Your copy runs from the line containing "Комплект постельного белья" through the last line of the listing, both included. Restate those lines word for word and leave out pictures.

§ **SUPPLIED INFORMATION**
= Beginning of Section =

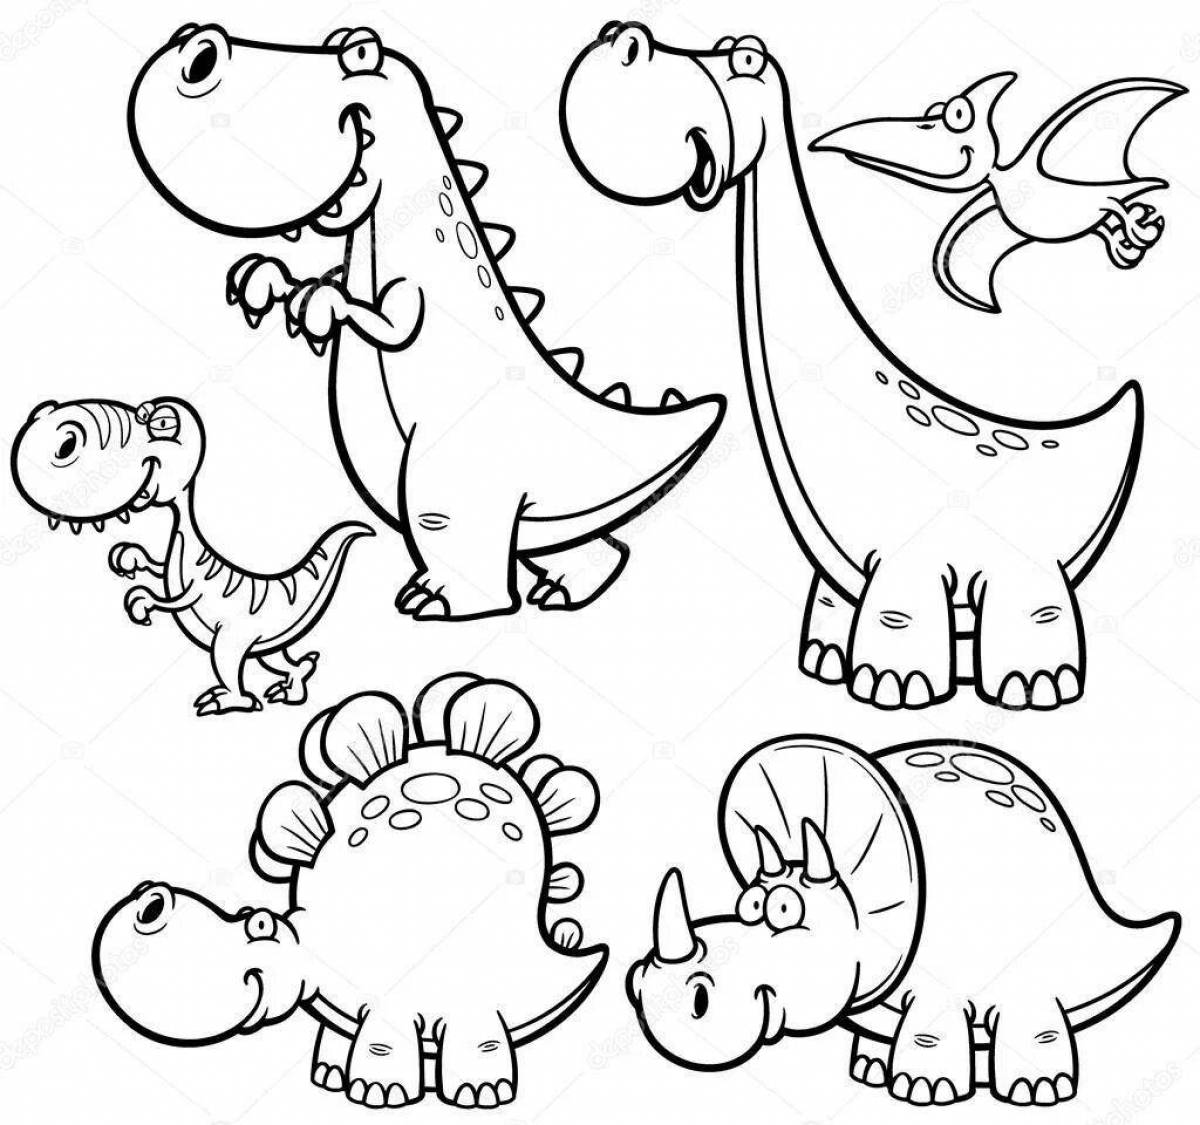 Dinosaurs playful coloring book
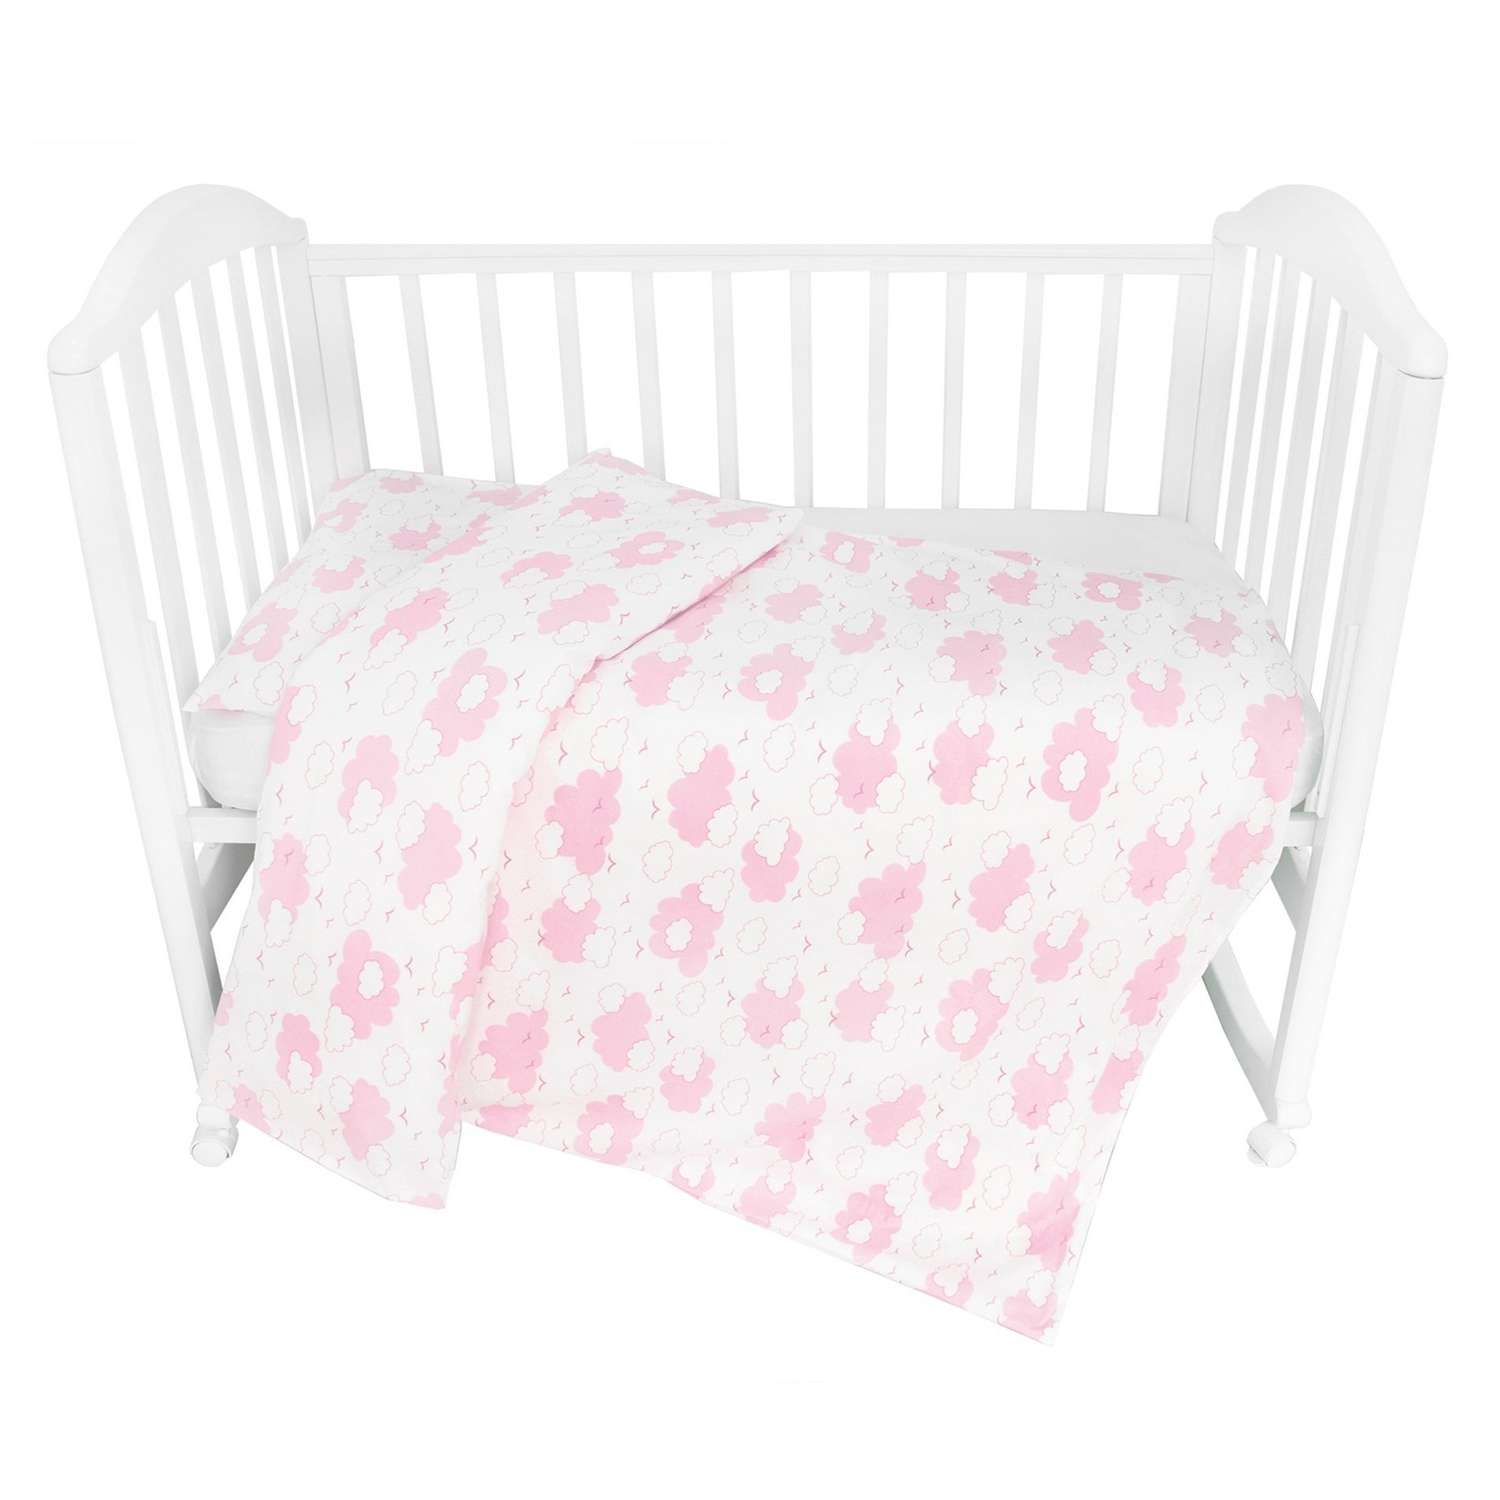 Комплект постельного белья Споки Ноки Облака Розовый 3предмета DMC111/6RO - фото 2
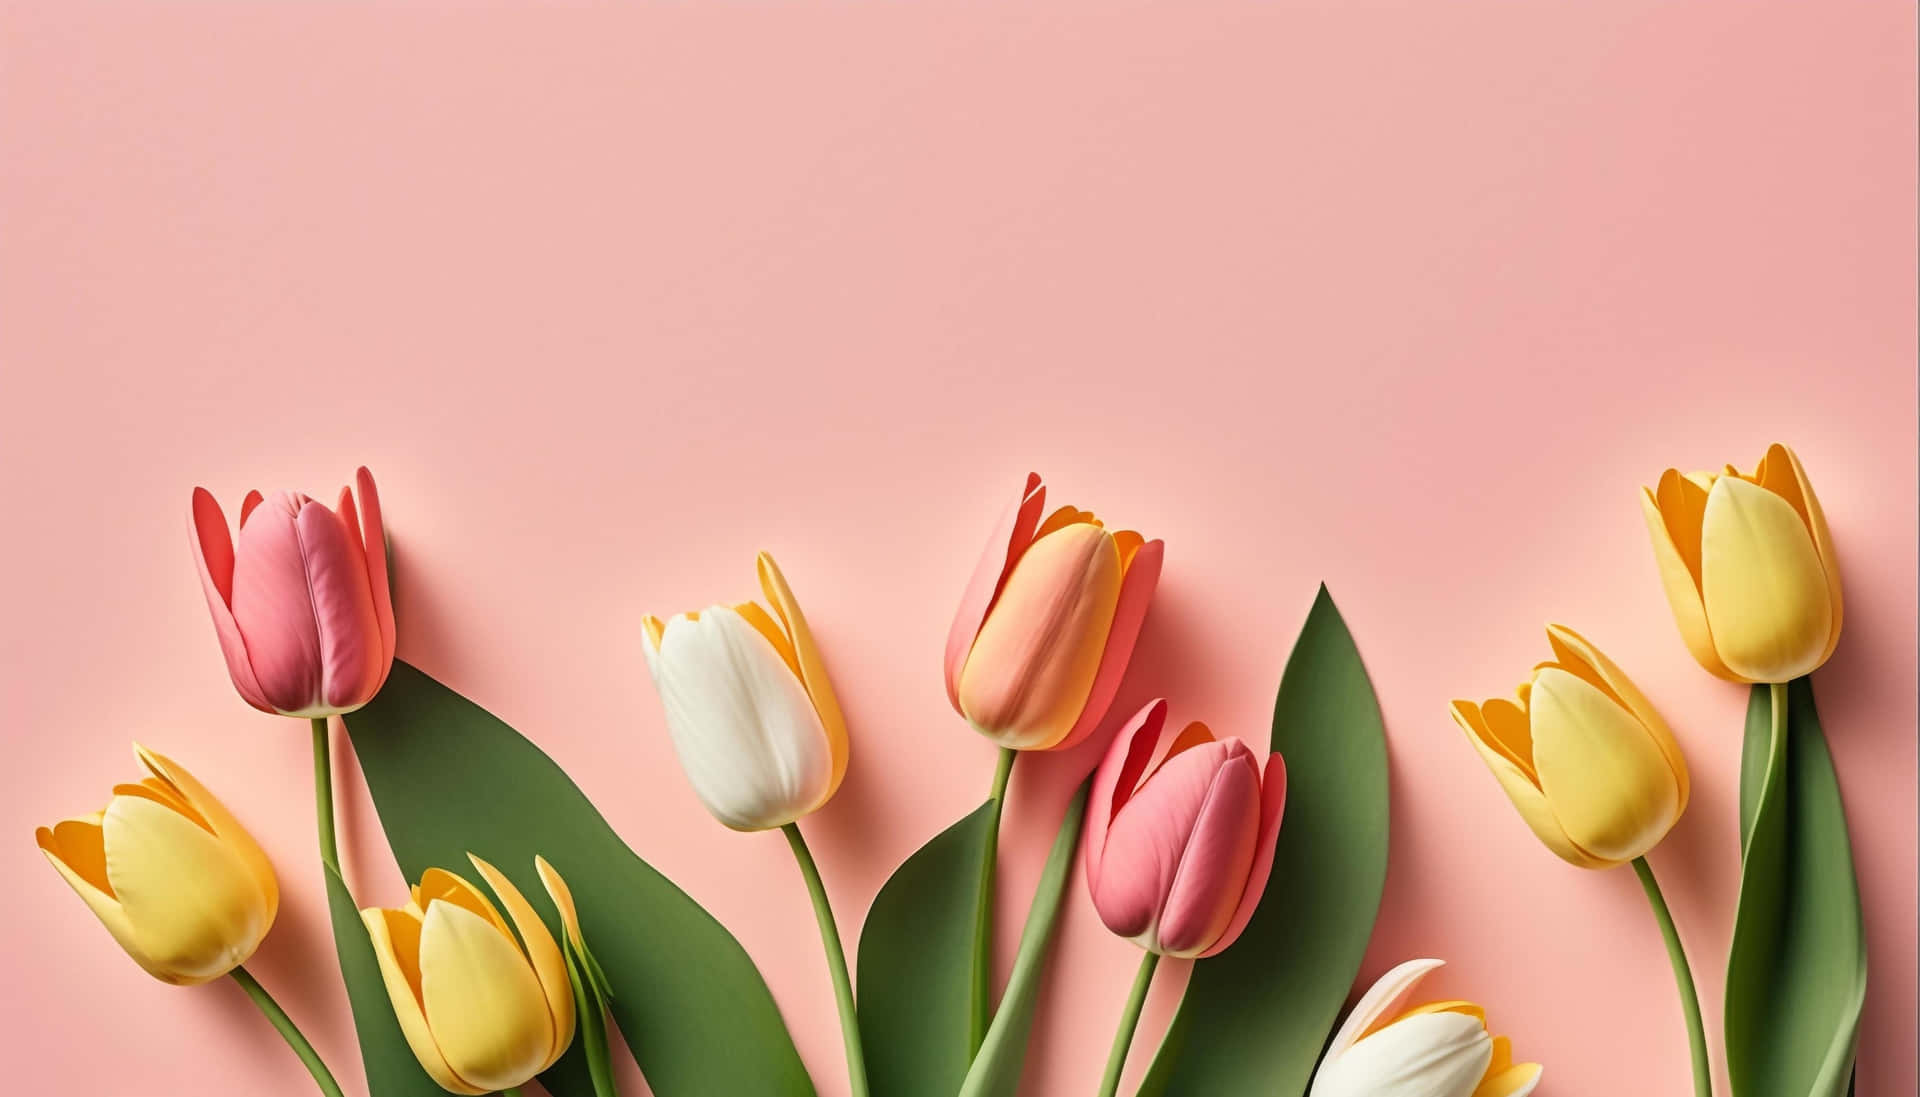 Pastel_ Tulips_ Arrangement Wallpaper
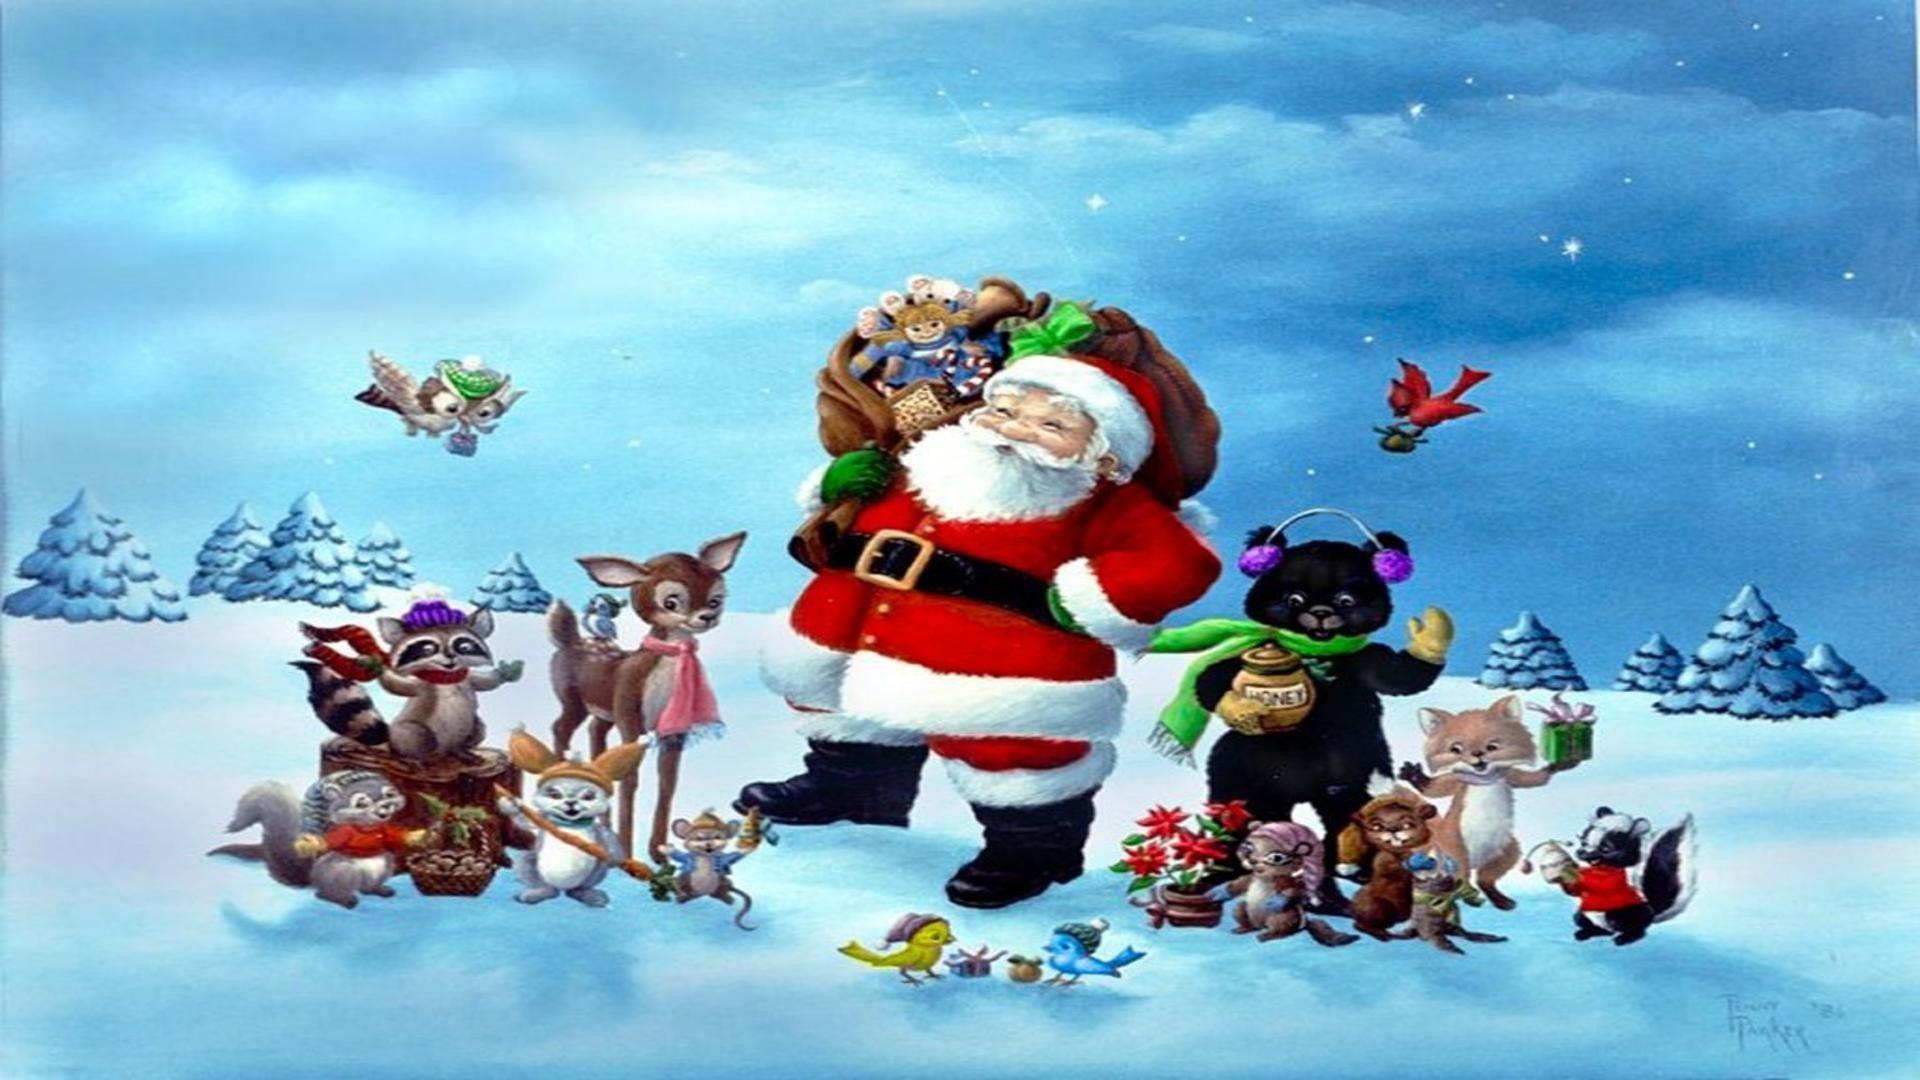 Hình nền Roblox Giáng sinh sẽ mang đến cho bạn nhiều niềm vui trong mùa lễ hội này. Những hình ảnh đẹp và lung linh đang chờ đón bạn. Bạn muốn trang trí cho máy tính hay điện thoại của mình bằng những hình nền đó? Hãy nhanh chóng xem qua danh sách liên quan và chọn cho mình những bức ảnh đẹp và đầy cảm xúc nhất nào!

= End of Section =

§ **COMPLETED EXERCISE**
 Комплект постельного белья Споки Ноки Облака Розовый 3предмета DMC111/6RO - фото 2
 Pastel_ Tulips_ Arrangement Wallpaper
 Hình nền Roblox Giáng sinh sẽ mang đến cho bạn nhiều niềm vui trong mùa lễ hội này. Những hình ảnh đẹp và lung linh đang chờ đón bạn. Bạn muốn trang trí cho máy tính hay điện thoại của mình bằng những hình nền đó? Hãy nhanh chóng xem qua danh sách liên quan và chọn cho mình những bức ảnh đẹp và đầy cảm xúc nhất nào!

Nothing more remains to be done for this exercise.